The mapping data provided an important baseline assessment for new Hampshire, and facilitated effective dialog in the state regarding use and demand for broadband services, and assisted the state as it worked to prioritize infrastructure projects and to build a sustainable broadband framework in the future. In addition, results from the NHBMPP were provided to the NTIA and the Federal Communications Commission to assist in the development and maintenance of the national broadband availability map,
During the NHBMPP project, 2010 – 2015, NH’s Regional Planning Commissions (RPCs) established Regional Broadband Stakeholder Groups (BSGs) in each region consisting of stakeholders representing education, health/medical, businesses, public safety, government services and residents, to review and discuss broadband-related issues. Together the RPCs and BSGs worked to: conduct analysis to determine broadband needs specific to targeted sectors; identify barriers to broadband deployment, e.g. topography, density, regulatory obstacles, etc.; foster collaboration among government officials, business leaders, institutions, and service providers; and develop recommendations for enhancing broadband access, affordability and use.
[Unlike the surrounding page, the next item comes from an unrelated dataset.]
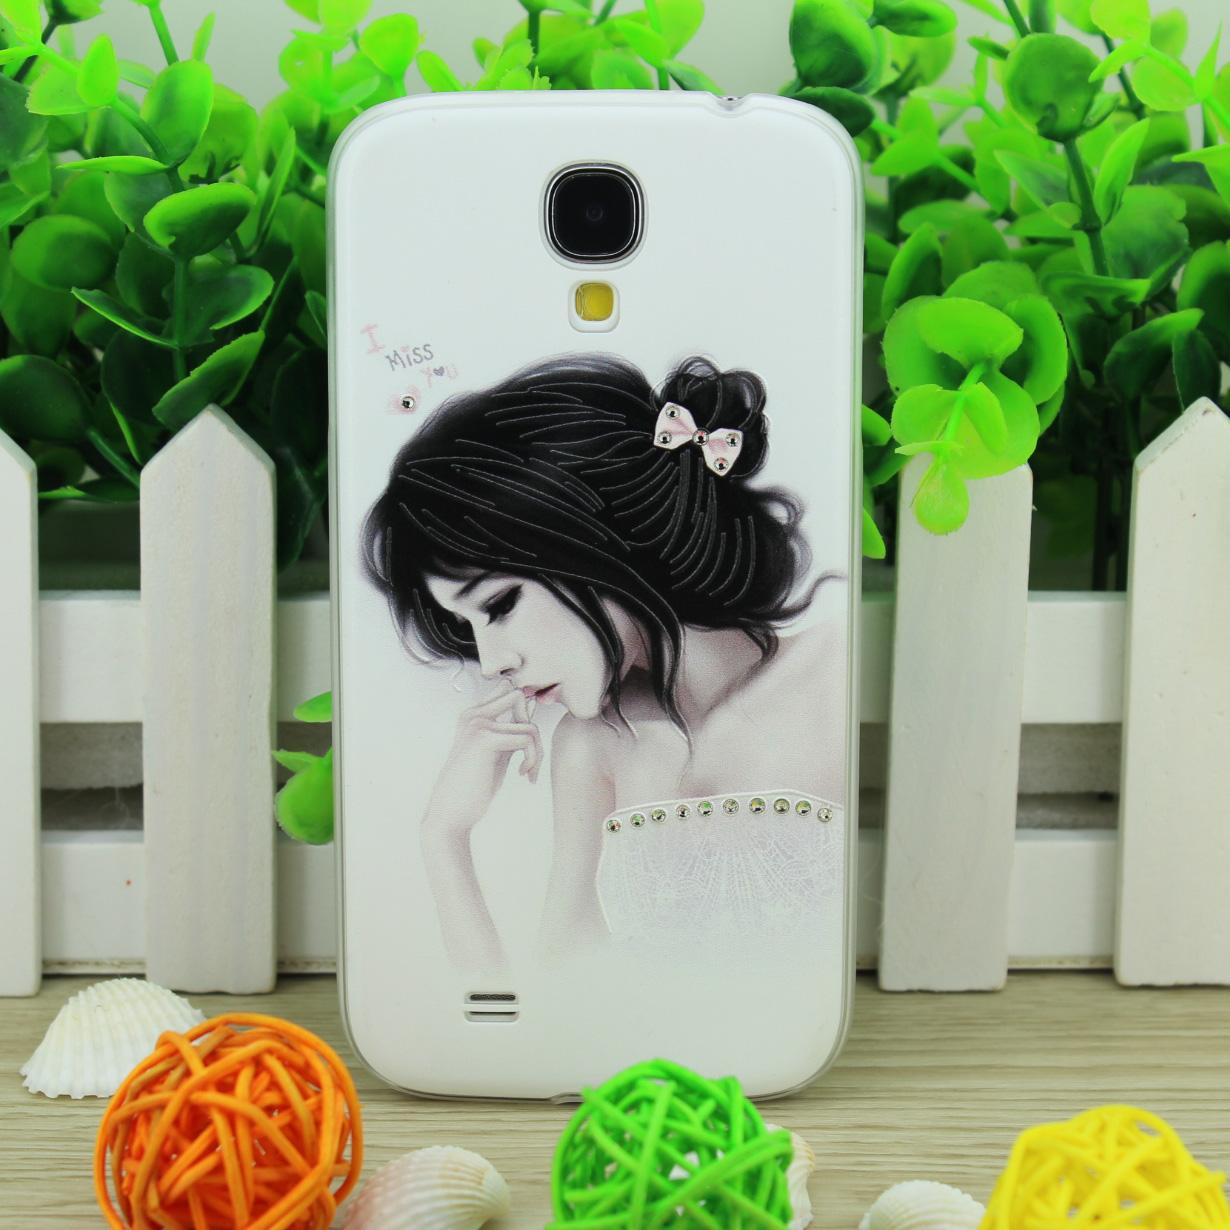 Чехлы, Накладки для телефонов, КПК Ou Xuan I9500 Galaxy S4 I9508

The results of their work can be found in the nine regional broadband plans. (Link to plans)
UNH Cooperative Extension (UNHCE) staff provided broadband technical assistance and training throughout the SBI project. They assessed broadband training and technical assistance needs of stakeholder/sector groups including: businesses, local government/communities, health sector, and educational institutions. Upon completion of the needs assessments, UNHCE developed training modules and conducted workshops throughout the state. In addition, UNHCE developed a series of broadband economic development and on-line learning modules.
NHBMPP staff worked with the NH Director of Broadband Technology, Regional Planning Commissions (RPCs) and their respective Broadband Stakeholder Groups (BSGs), the NH Telecommunications Planning and Development Advisory Committee (TAB), and others, to identify broadband deployment and adoption barriers and potential solutions. They also worked to monitor state legislation pertinent to broadband access, affordability and use, and provided information to study committees.
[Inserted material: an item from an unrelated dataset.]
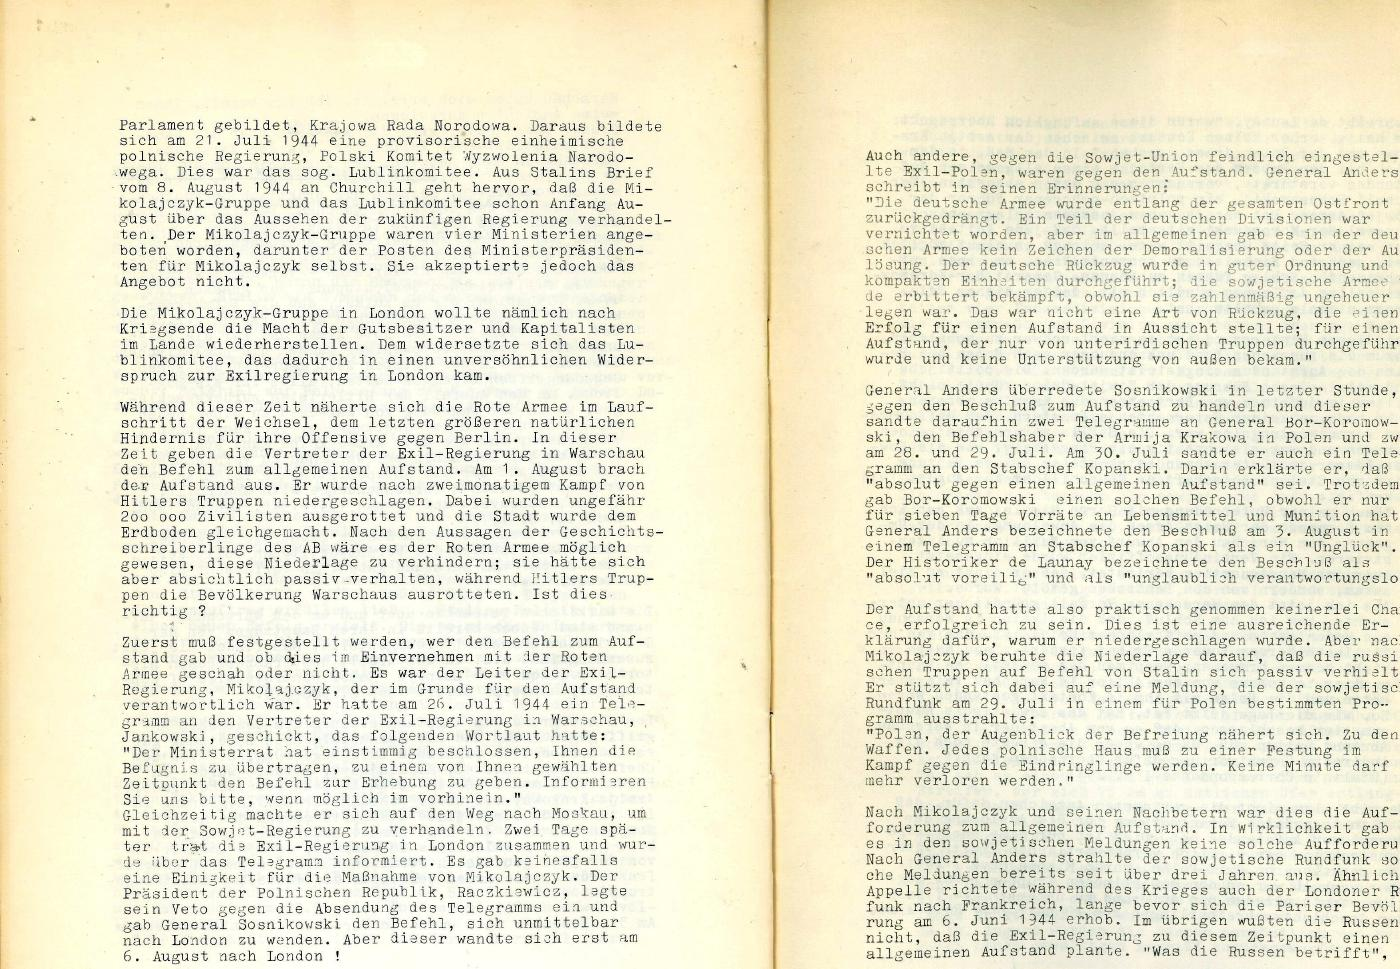 KPDML_1970_Gustafsson_Stalin_14

In 2014, NHBMPP conducted a statewide broadband conference which brought together over 200 participants including; residents, community leaders, municipal officials, policy makers, small business owners, educators, healthcare providers, planners, and other stakeholders to learn about and discuss what is happening to expand broadband access, adoption, and use throughout the state. The link below provides access to recorded plenary sessions and breakout session presentations (link?)
In addition, a Broadband Solutions and Funding Toolkit was developed to support local broadband planning in New Hampshire. Sections cover organizing a committee of local stakeholders, informing your stakeholders about broadband technologies, assessing the state of broadband in your community, creating a community plan for broadband, implementing an action plan, and understanding funding options. Armed with this information, a community can enhance broadband access to meet future economic, education, and communication needs.